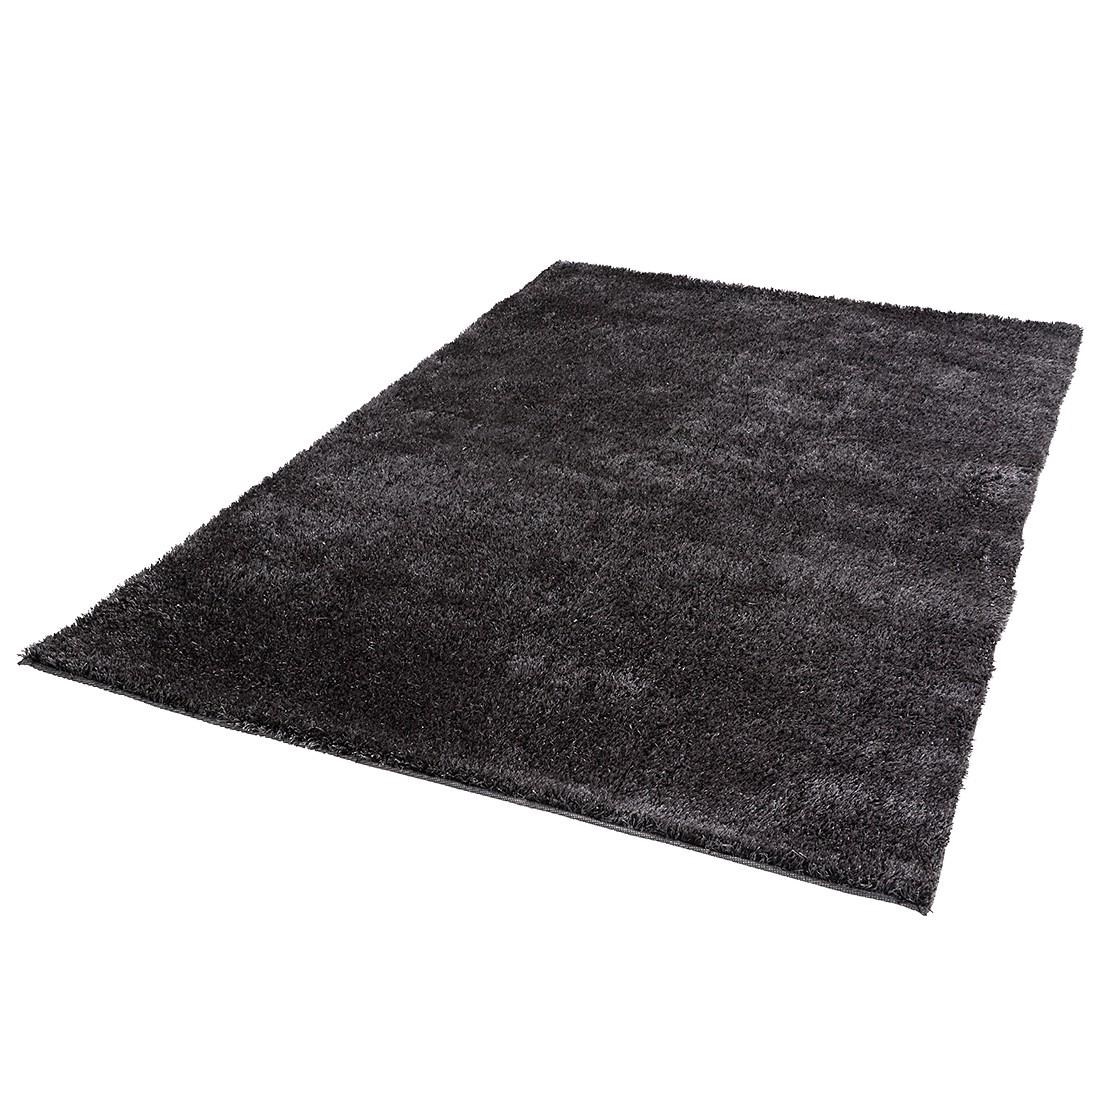 Teppich Heaven – Anthrazit – 60 x 130 cm, DEKOWE kaufen
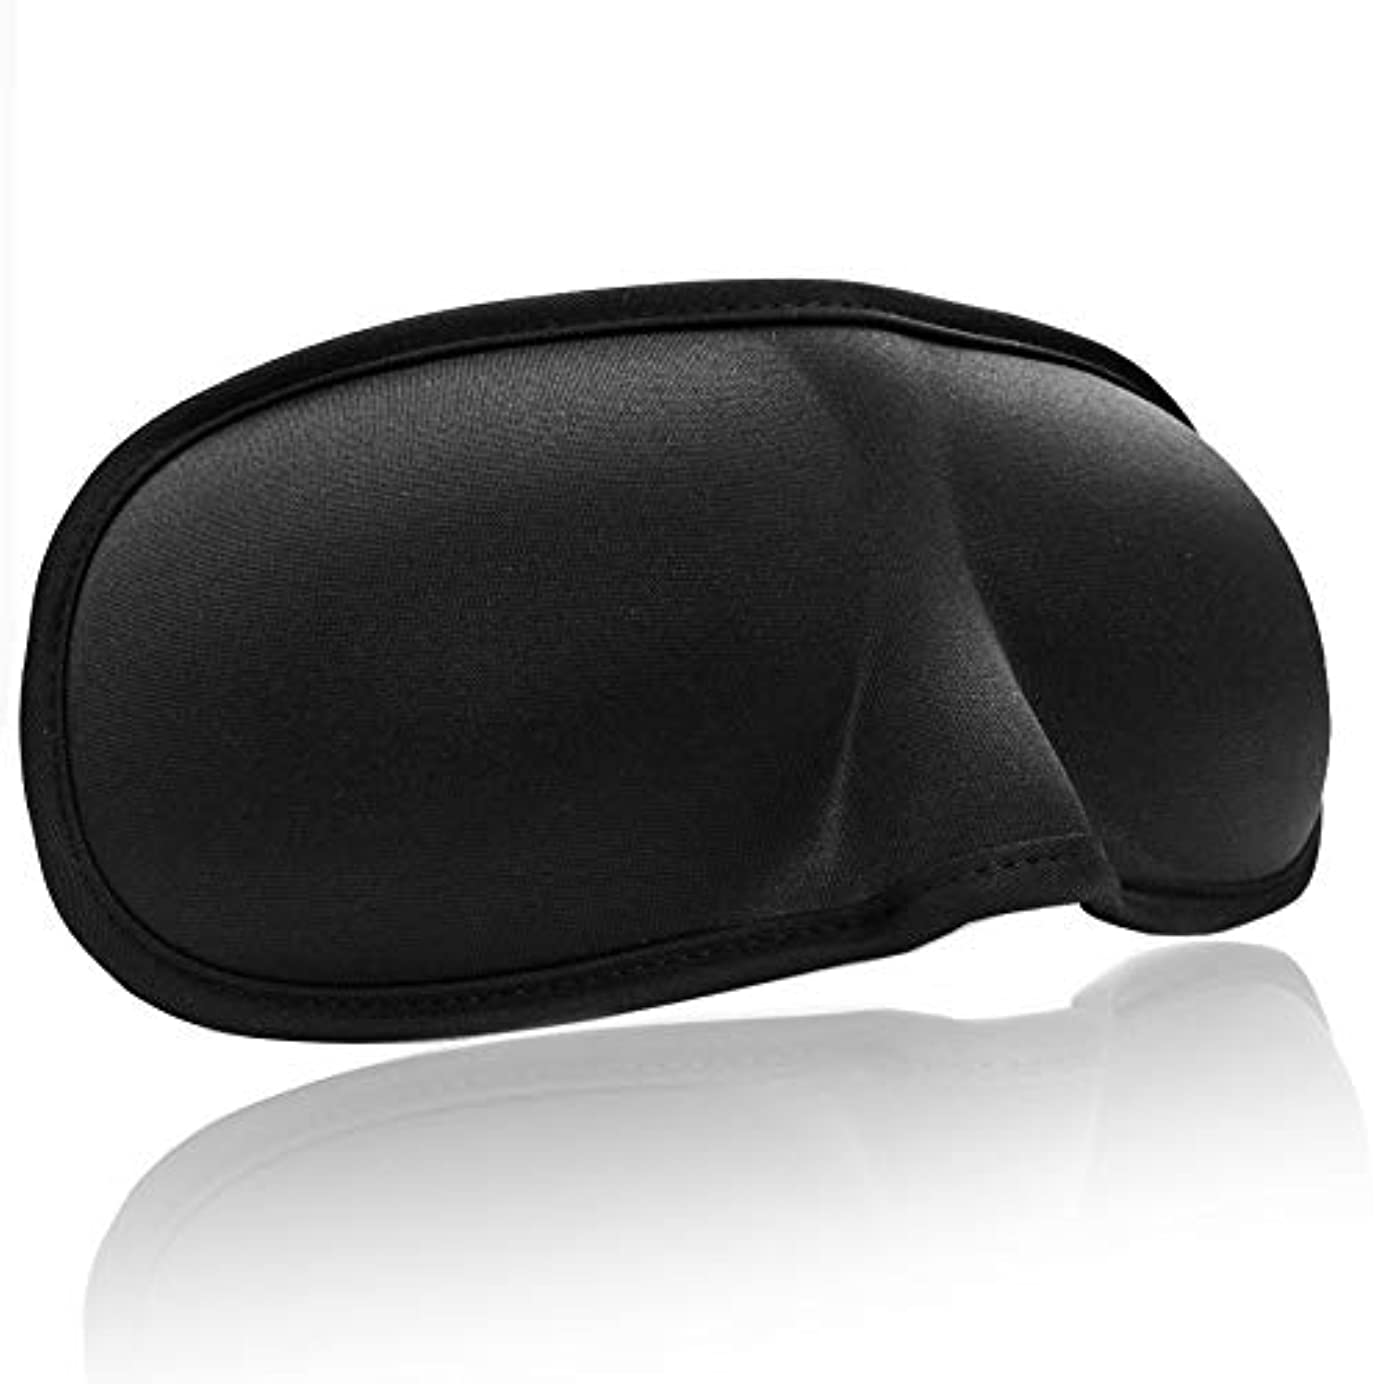 見かけ上火山学軌道NOTE ポータブル3dスリーピングアイマスクシェーディングマスク用睡眠ソフト調整可能包帯目にアイシェードカバー旅行アイパッチ+耳栓
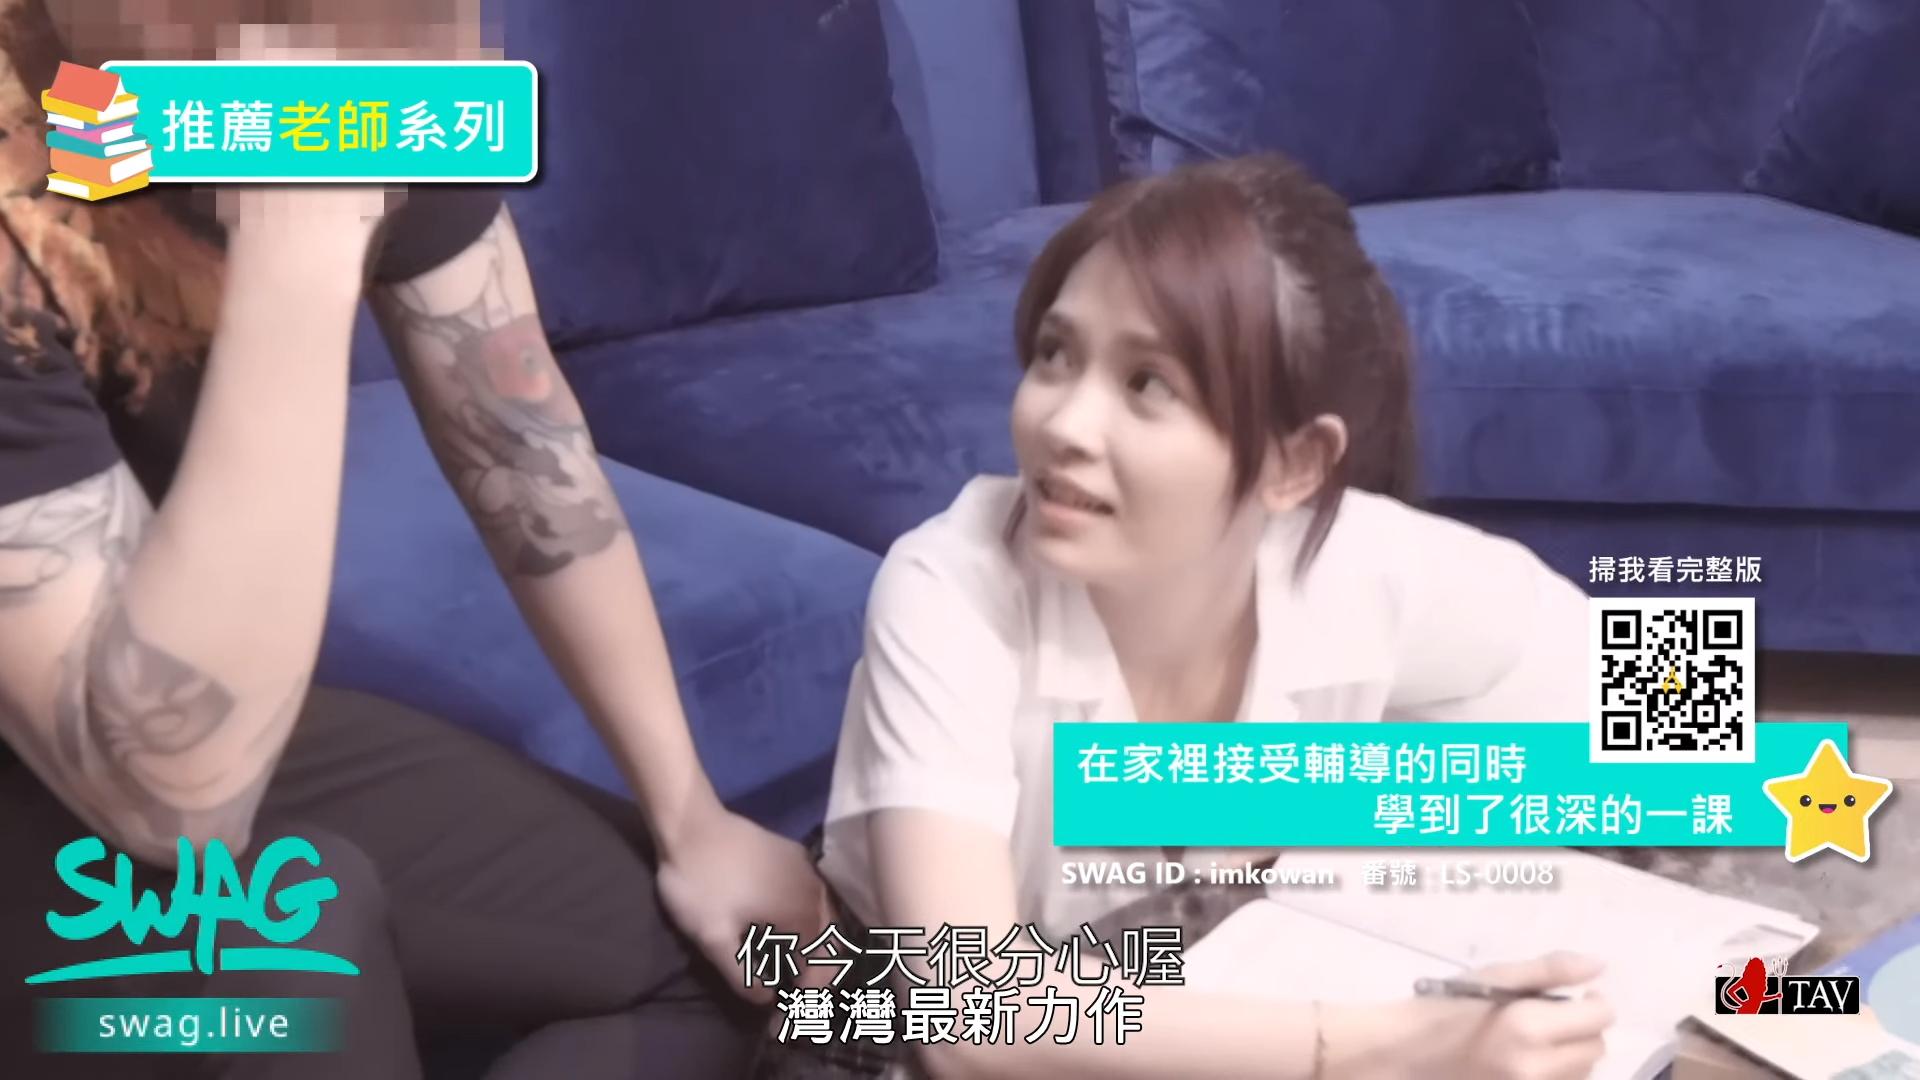 【素人】台灣SWAG推薦《3部必尻教師系列》褲子脫好上課了!
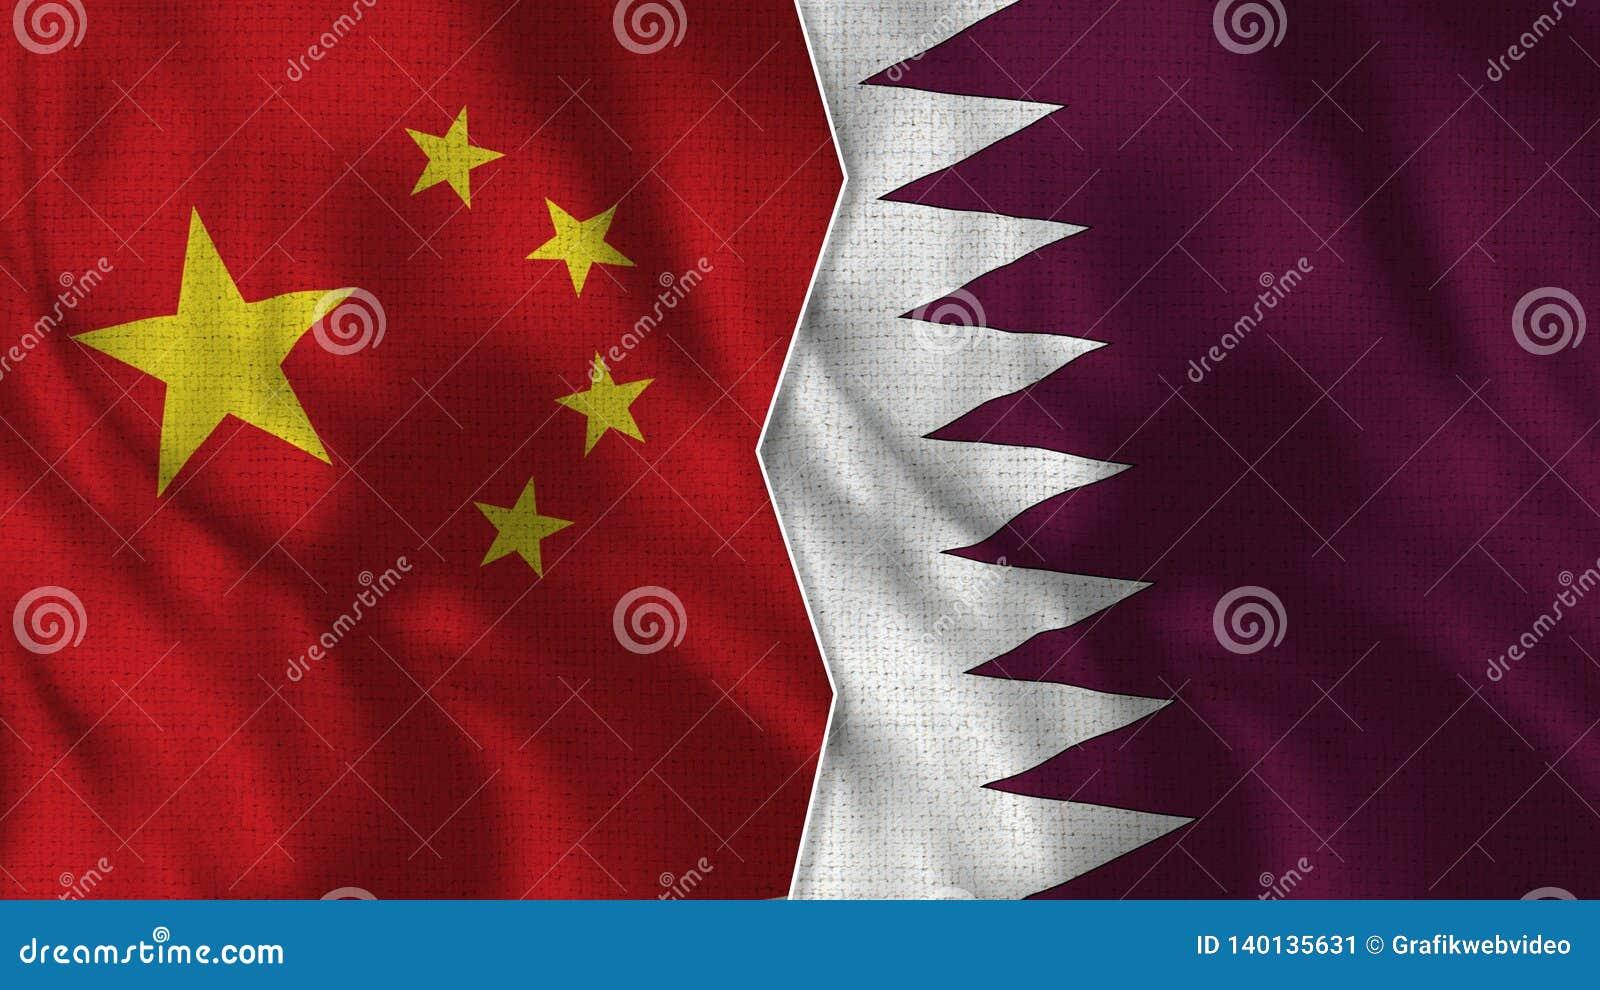 Demi drapeaux de la Chine et du Qatar ensemble

- [REQUIREMENT]:
The material above is to be transcribed exactly, with all pictures omitted.

- [ANSWER BOX]:
 Teppich Heaven – Anthrazit – 60 x 130 cm, DEKOWE kaufen
 見かけ上火山学軌道NOTE ポータブル3dスリーピングアイマスクシェーディングマスク用睡眠ソフト調整可能包帯目にアイシェードカバー旅行アイパッチ+耳栓
 【素人】台灣SWAG推薦《3部必尻教師系列》褲子脫好上課了!
 Demi drapeaux de la Chine et du Qatar ensemble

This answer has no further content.